Blessed with vast amounts of hydroelectric capacity, the Pacific Northwest has traditionally only turned to natural gas as a supplemental source of power. Sure, gas use for power generation ramps up during drier months of the year, and rises significantly in “dry” years like 2010 when lower-than-normal wintertime precipitation reduced river flows and hydro plant output in late spring and early summer. This year is shaping up as another dry one, but other factors are boosting gas demand in the region. New gas-fired plants are being built to replace retiring coal units and to keep pace with load growth and the prospect of relatively low-cost gas for the foreseeable future is encouraging gas-based industrial growth in the region. Today we look at what’s driving gas demand in the Pacific Northwest and how the region’s pipeline infrastructure is being expanded.
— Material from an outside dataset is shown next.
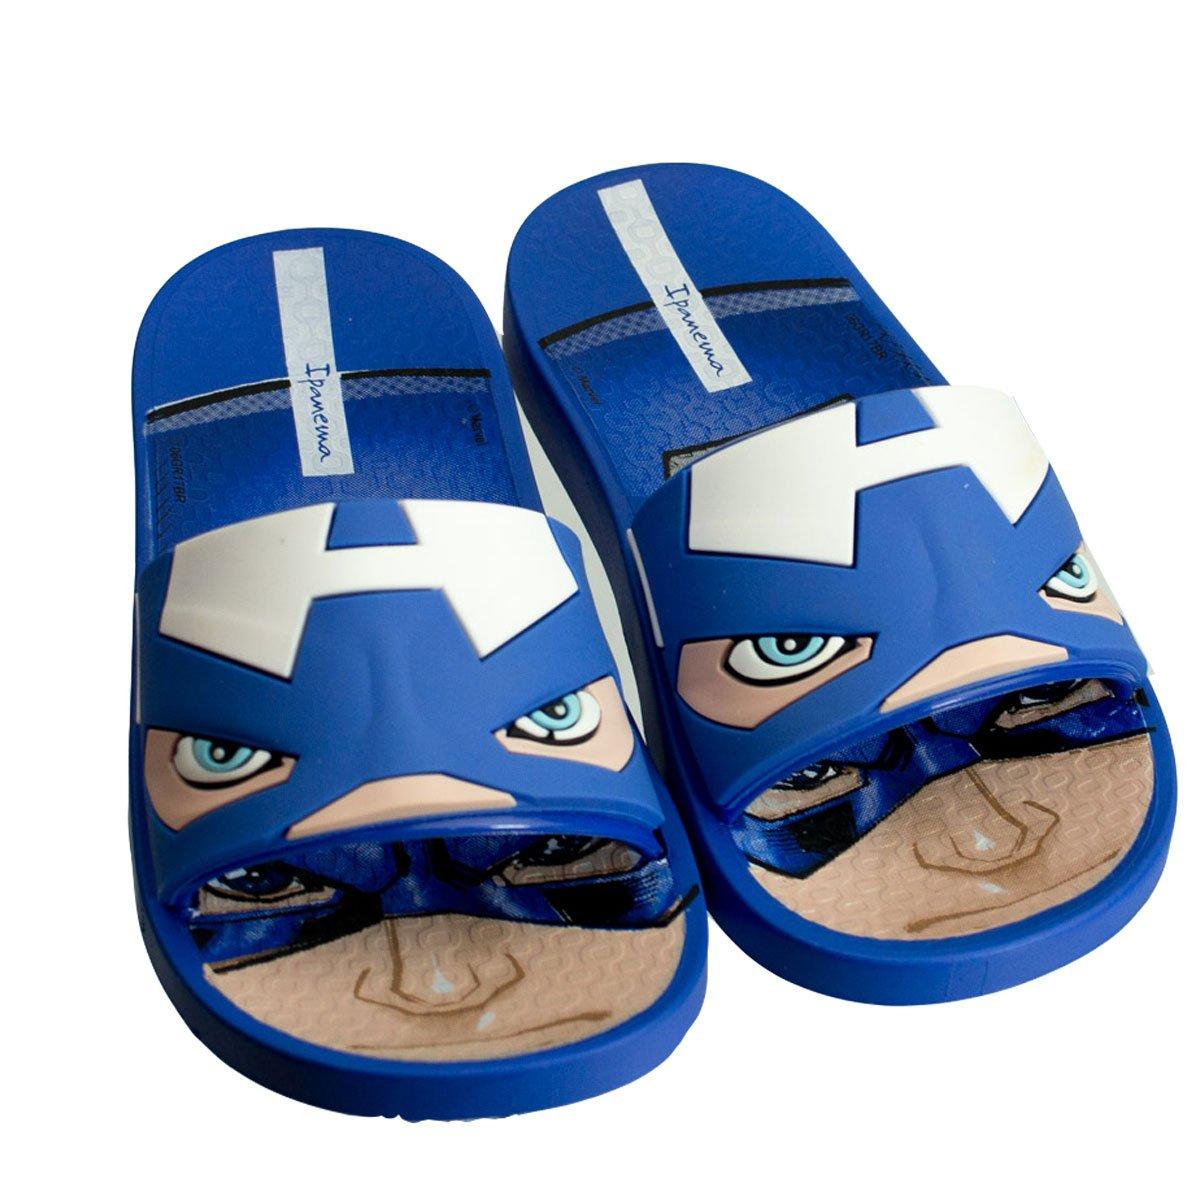 04fbf0f436 Bizz Store - Chinelo Slide Infantil Grendene Ipanema Avengers

In Part 1 of our series, we provided an overview of the Pacific Northwest’s incredible hydro infrastructure, especially the series of hydro dams along the Columbia and Snake rivers that together can generate as much electricity as 20 nuclear plants. We also talked about how natural gas has always played second fiddle to hydro in the region, but that rising demand for electricity and plans to retire the last remaining coal-fired units is giving gas a higher profile. Depending on how successful the Pacific Northwest is at increasing the energy efficiency of its homes and businesses, several thousand MW of new gas-fired generating capacity may need to be added in the region over the next few years. A need that would only grow if a threat to remove one or more hydro plants for environmental reasons is carried out.
Source: Northwest Gas Association (Click to Enlarge)
While the power sector is the big driver in rising gas consumption in the region (see the forecast from the Northwest Gas Association in Figure 1) it’s not the only new source of demand. Residential (purple line) and commercial (yellow line) demand for gas is also forecast to increase, thanks to population growth and the expectation that gas prices will stay low. Industrial demand (aqua line) for gas is forecast to increase too—again because of low gas prices. And these increases do not even include at least two LNG export facilities being considered along the Oregon coast (by Oregon LNG at Warrenton and Jordan Cove at Coos Bay) which would require up to 2.1 Bcf/d between them. Meeting all of these new demands will likely require new pipeline capacity into the Pacific Northwest from western Canada, and within the region itself, and several major pipeline projects are under development.